Avoid integer division in the benchmark inner-most loop. #8115

pull gmaxwell wants to merge 1 commits into bitcoin:master from gmaxwell:better_bench changing 2 files +28 −14
  1. gmaxwell commented at 1:51 AM on May 29, 2016: contributor

    Previously the benchmark code used an integer division (%) with a non-constant in the inner-loop.
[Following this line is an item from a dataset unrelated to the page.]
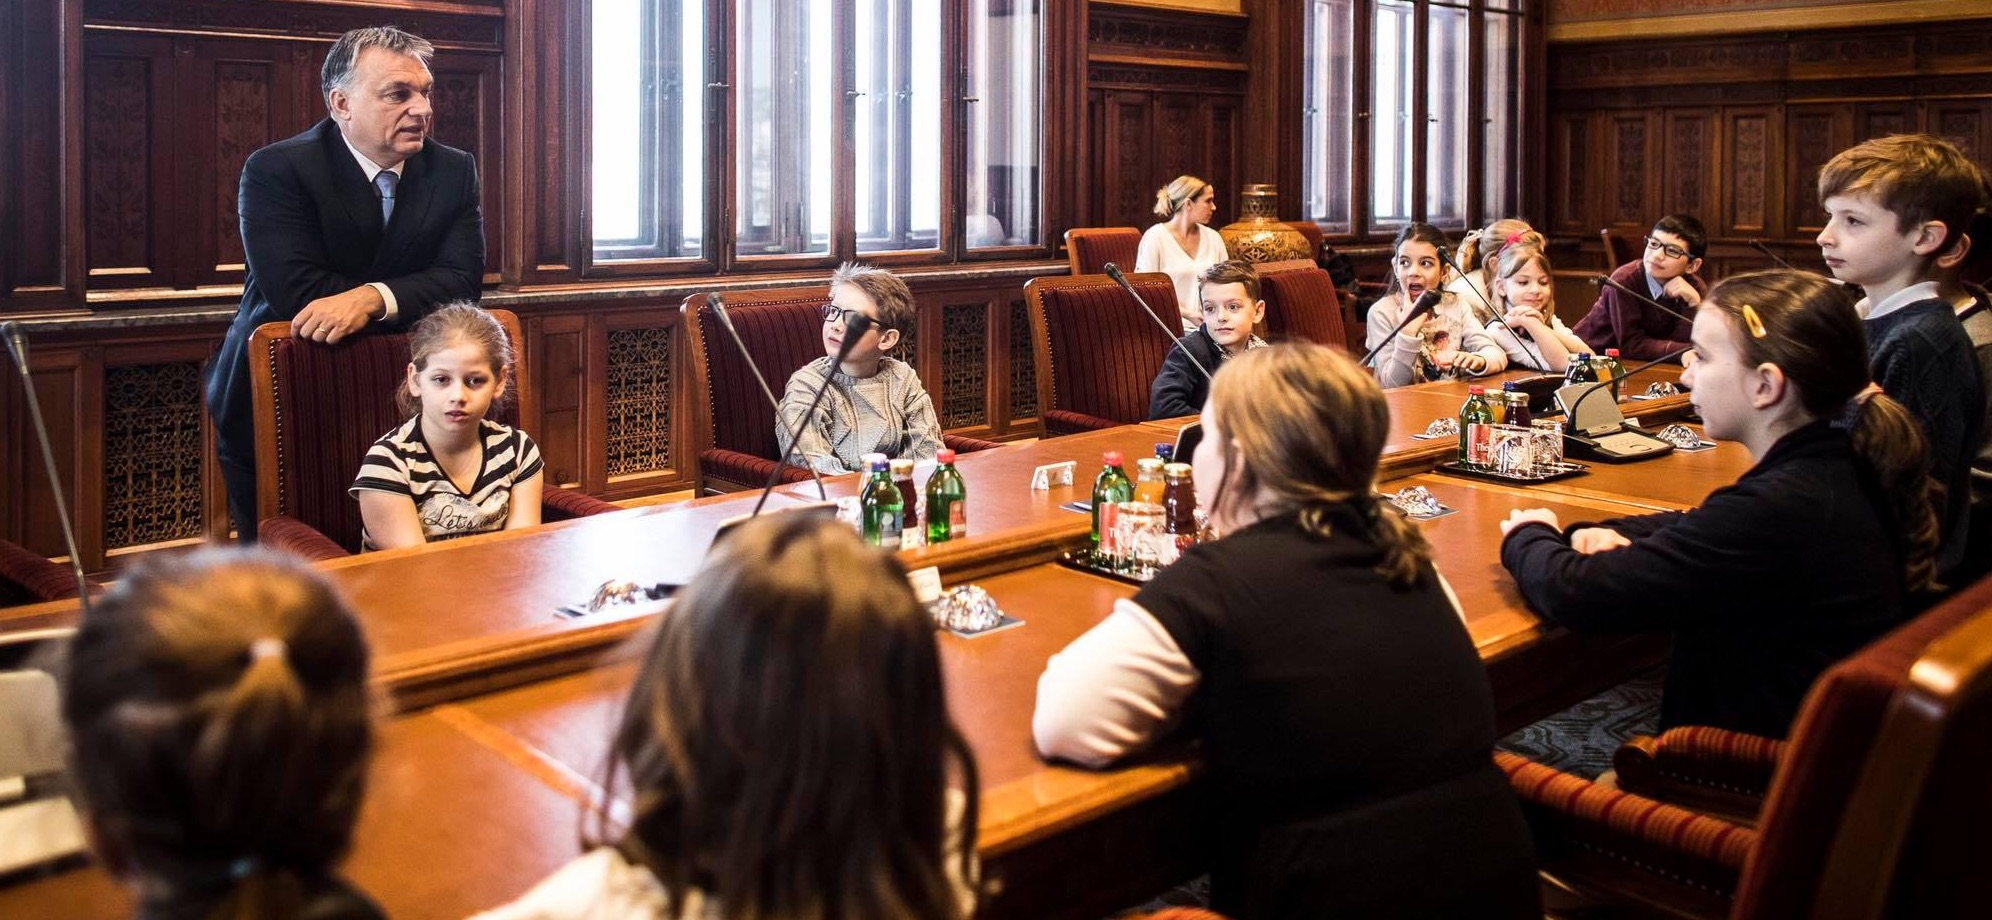 Tíz bizonyíték arra, hogy a Fidesz az oktatásban látja a jövőt

This is quite slow on many processors, especially ones like ARM that lack a hardware divide.

    Even on fairly recent x86_64 like haswell an integer division can take something like 100 cycles-- making it comparable to the runtime of siphash.

    This change avoids the division by using bitmasking instead. This was especially easy since the count was only increased by doubling.

    This change also restarts the timing when the execution time was very low this avoids mintimes of zero in cases where one execution ends up below the timer resolution. It also reduces the impact of the overhead on the final result.

    The formatting of the prints is changed to not use scientific notation make it more machine readable (in particular, gnuplot croaks on the non-fixedpoint, and it doesn't sort correctly).

    This also hoists out all the floating point divisions out of the semi-hot path because it was easy to do so.

    It might be prudent to break out the critical test into a macro just to guarantee that it gets inlined. It might also make sense to just save out the intermediate counts and times and get the floating point completely out of the timing loop (because e.g. on hardware without a fast hardware FPU like some ARM it will still be slow enough to distort the results). I haven't done either of these in this commit.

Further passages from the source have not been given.